Radboud University Medical Center

Status

Active, not recruiting

Conditions

Pancreas Cancer

Treatments

Device: Intratumoral

Study type

Interventional

Funder types

Other
Industry

Identifiers

NCT05880472
NL.82292.091.22

Details and patient eligibility

About

This investigator initiated study with a medical device aims to assess the safety and feasibility of percutaneous injected holmium-166 microsphere brachytherapy in patients with irresectable pancreatic cancer.

Full description

Objective: To test the feasibility and safety of minimally invasive CT-guided percutaneous holmium-166 microsphere brachytherapy in patients suffering from irresectable pancreatic cancer. Study design: This is a single centre, prospective, safety and feasibility study with a medical device in a maximum of 6 patients.

Study population: Patients diagnosed with pathologically proven pancreatic adenocarcinoma, who are ineligible for exploratory surgery or surgical resection of the tumour after 8 cycles of systemic therapy or less in case of unacceptable toxicity, patient refusal or patients who are ineligible for systematic therapy.

Intervention (if applicable): A radioactive medical device will be implanted by CT-guided percutaneous injection. The medical device in question are beta-minus (β-) and gamma(γ) emitting holmium-166 poly(L-lactic acid) microspheres (166Ho-PLLA-MS, HoMS) in a 0.1% Pluronic or cellulose based suspension.

Main study parameters/endpoints: The main endpoint is to establish the feasibility and safety of CT-guided percutaneous intratumoural implantation of HoMS in irresectable pancreatic adenocarcinoma.
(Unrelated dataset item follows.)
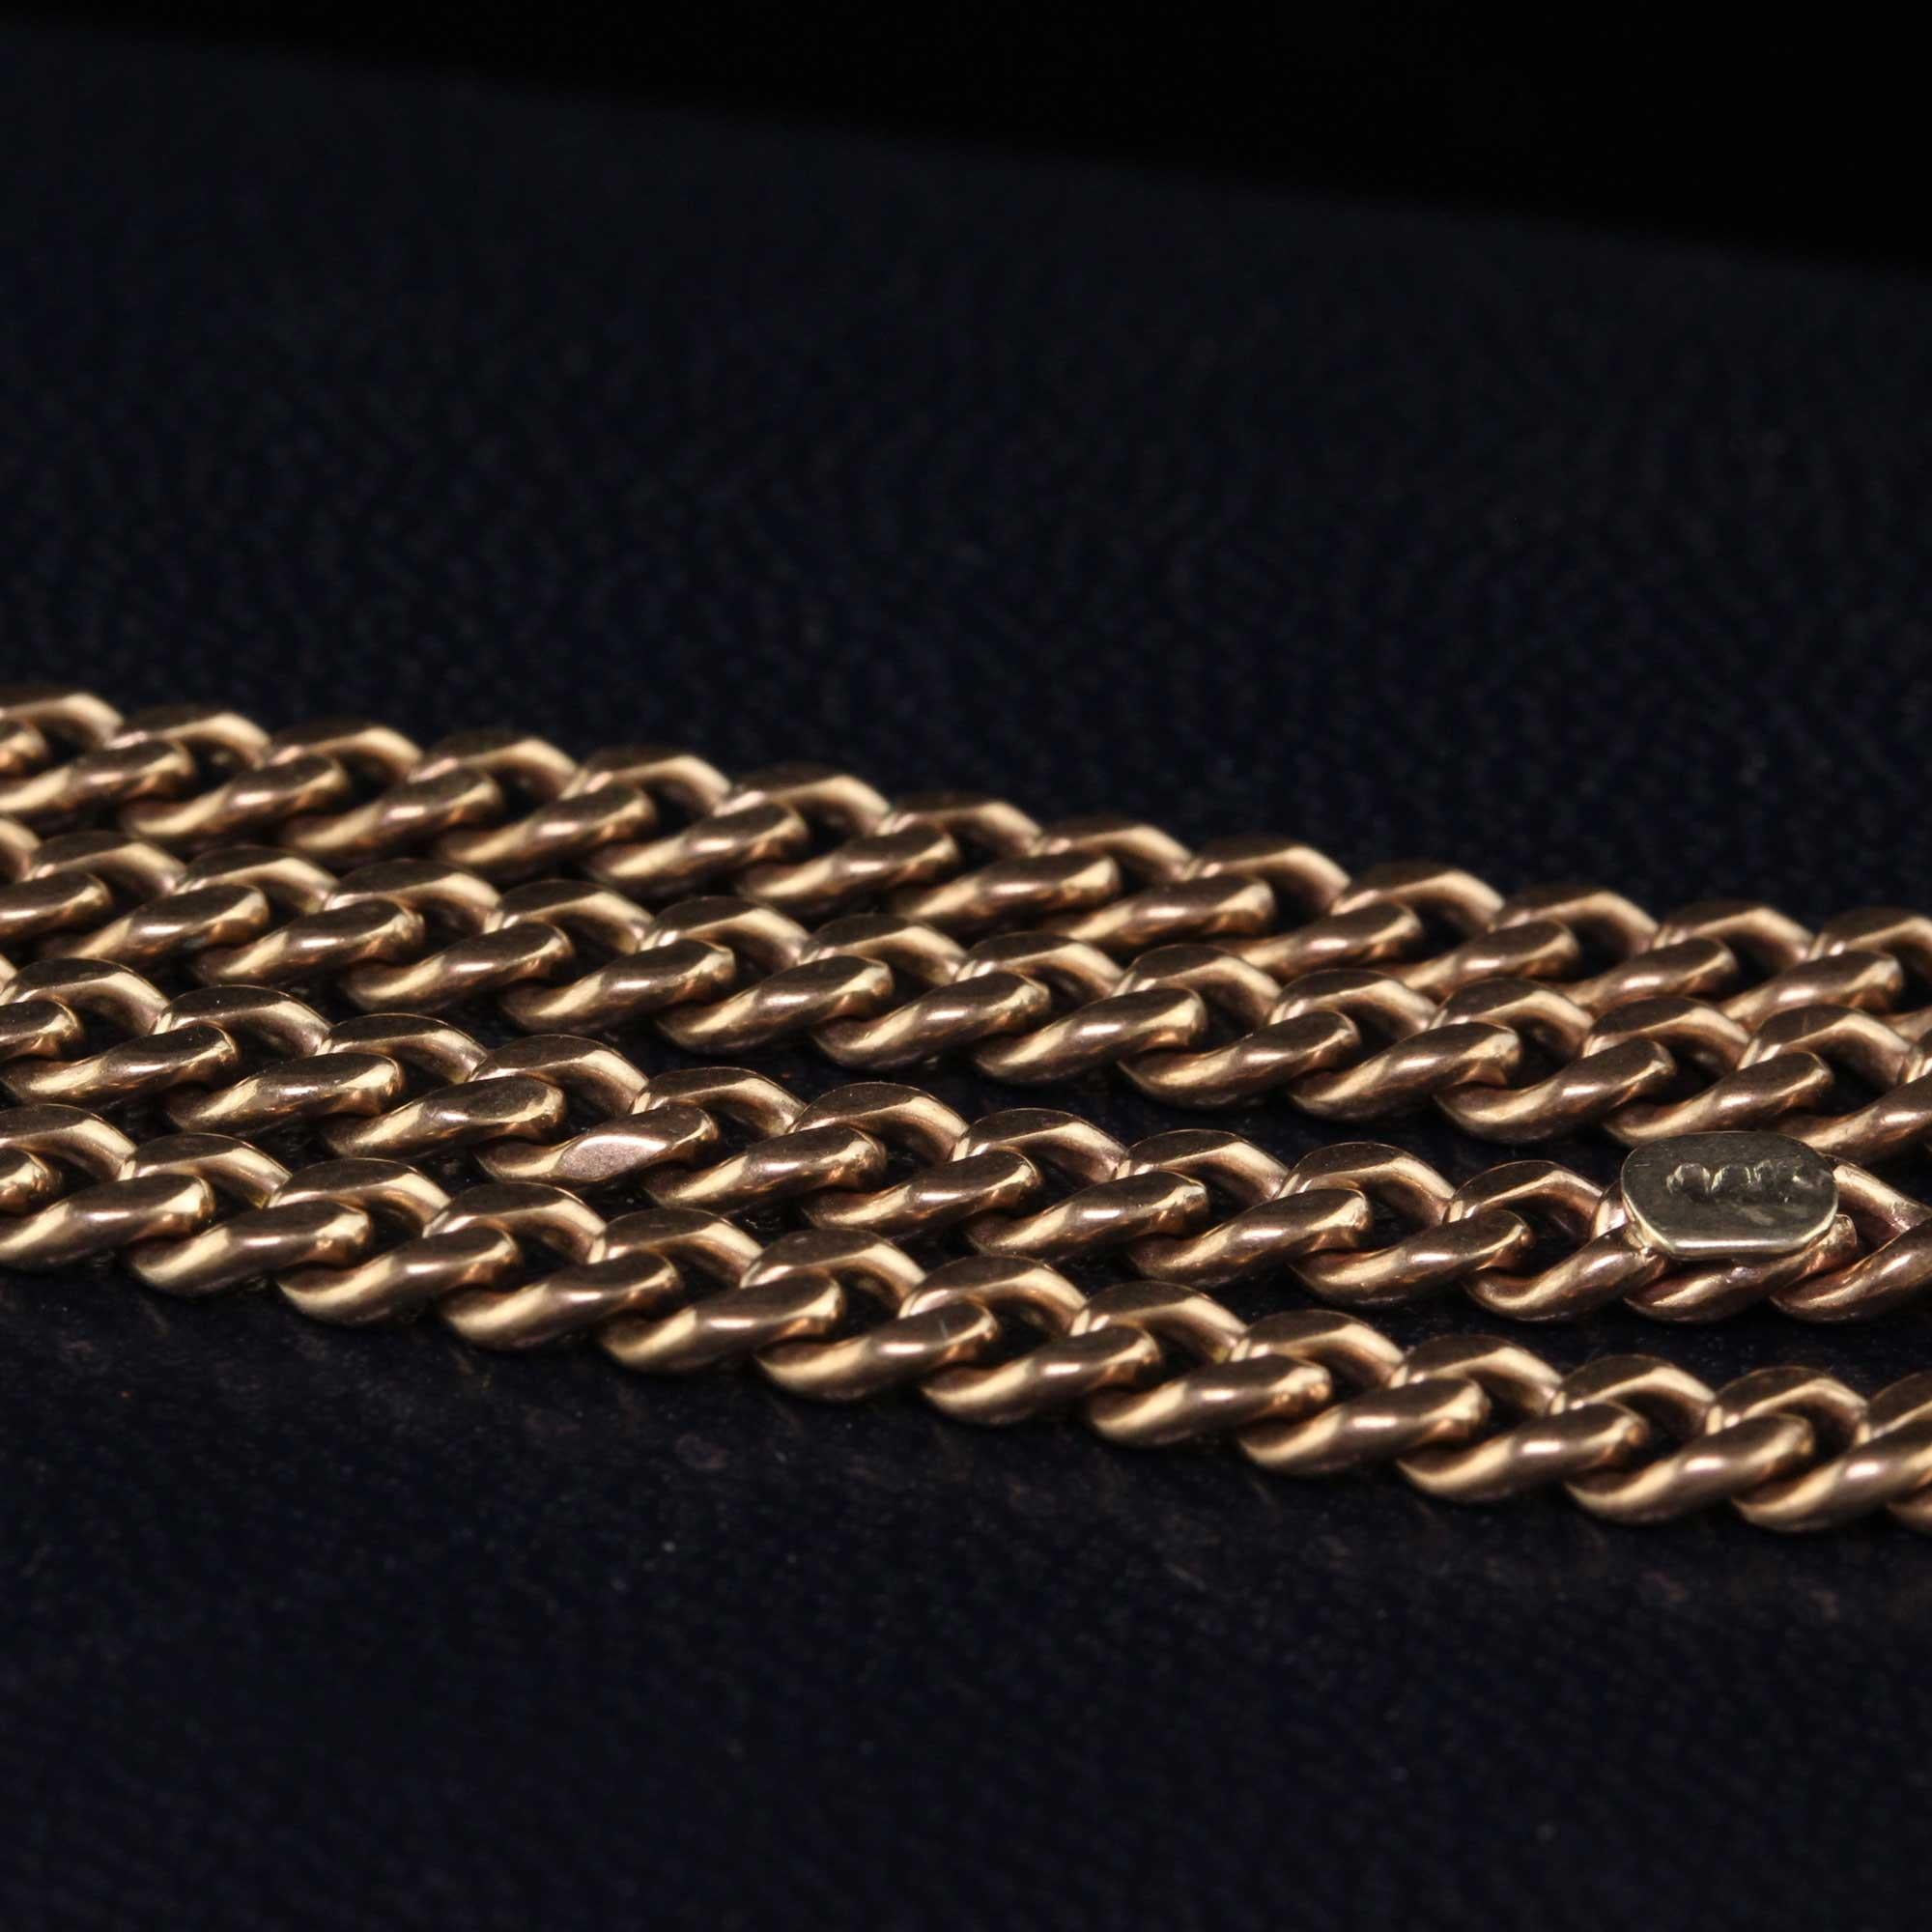 Antique Art Deco 14K Rose Gold Curb Link T Link Chain - 17 inches 2
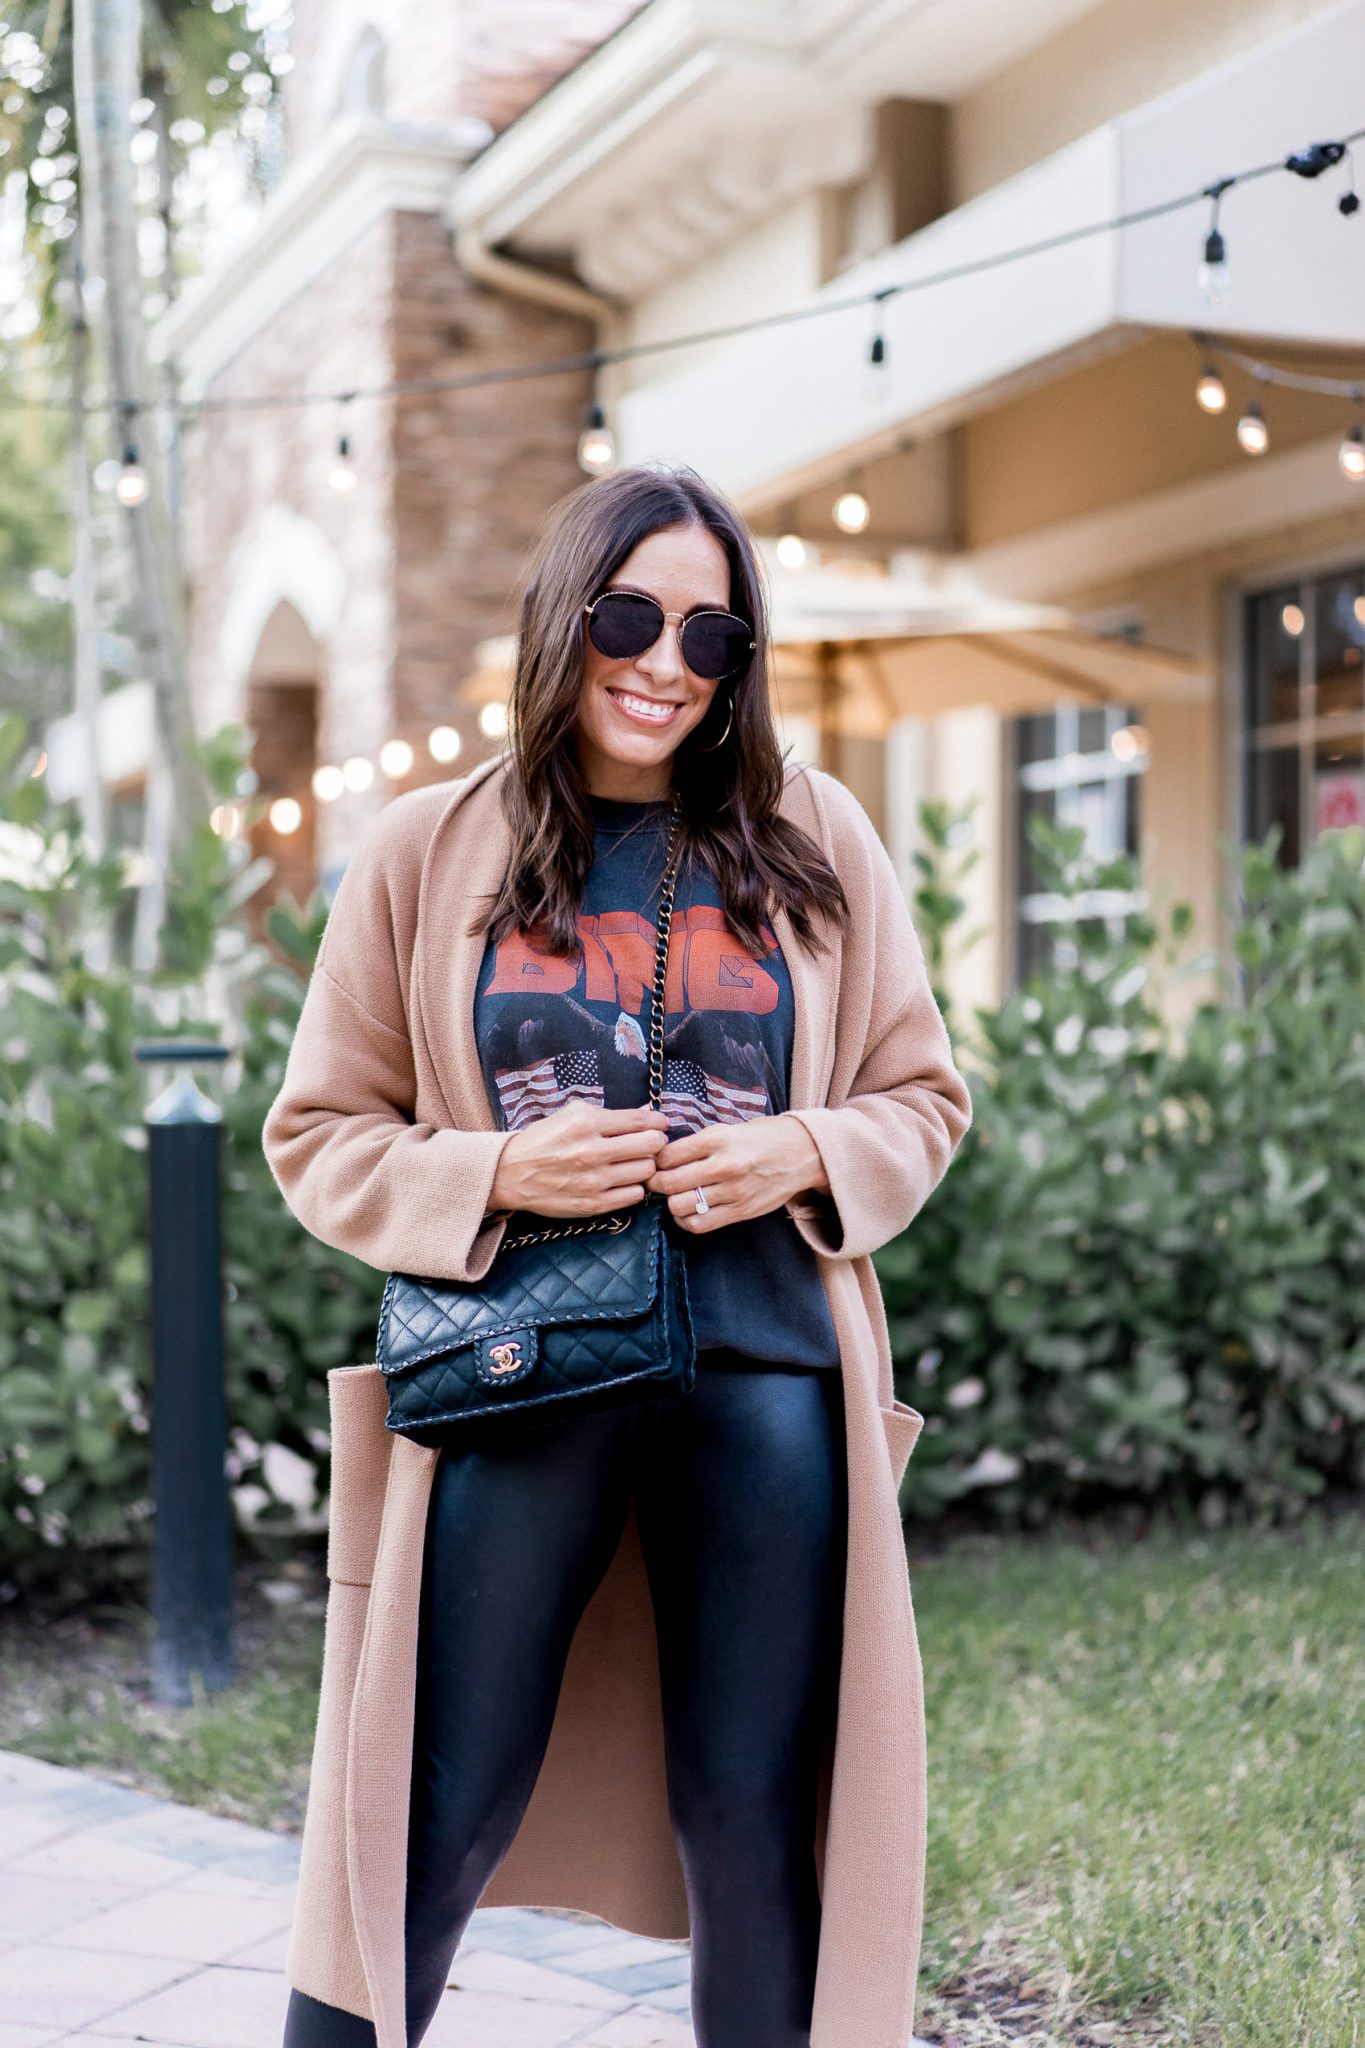 Top Florida fashion blogger Amanda of A Glam Lifestyle wears an Anine Bing sweatshirt paired with Commando faux leather leggings for an easy fall outfit

Feasibility is established by evaluating the average tumour absorbed dose in Gray (Gy) calculated on SPECT and comparing to the pre-operative planning. Intratumoural microsphere distribution, absorbed tumour dose and non-target absorbed tumour dose are analysed using MRI and CT quantification. Safety is evaluated using the Common Terminology Criteria for Adverse Events (CTCAE v5.0), events deemed 'unlikely', 'probably' or 'definitely' related to the implantation procedure or implanted medical device. As exploratory endpoints, tumour response (RECIST1.1), pain (NRS) and Quality of Life is evaluated. Total follow-up is 16 weeks.

Enrollment

6 patients

Sex

All

Ages

18+ years old

Volunteers

No Healthy Volunteers

Inclusion criteria

  1. Female or male aged 18 years and over.

  2. Pathologically proven pancreatic adenocarcinoma, also known as pancreatic ductal adenocarcinoma.

  3. Patient is deemed ineligible for surgical resection of the pancreatic cancer:

    1. in accordance with consensus at the multidisciplinary meetings/discussions,
    2. and/or the patient refuses to undergo surgical resection out of personal choice
  4. Life expectancy of 16 weeks or longer.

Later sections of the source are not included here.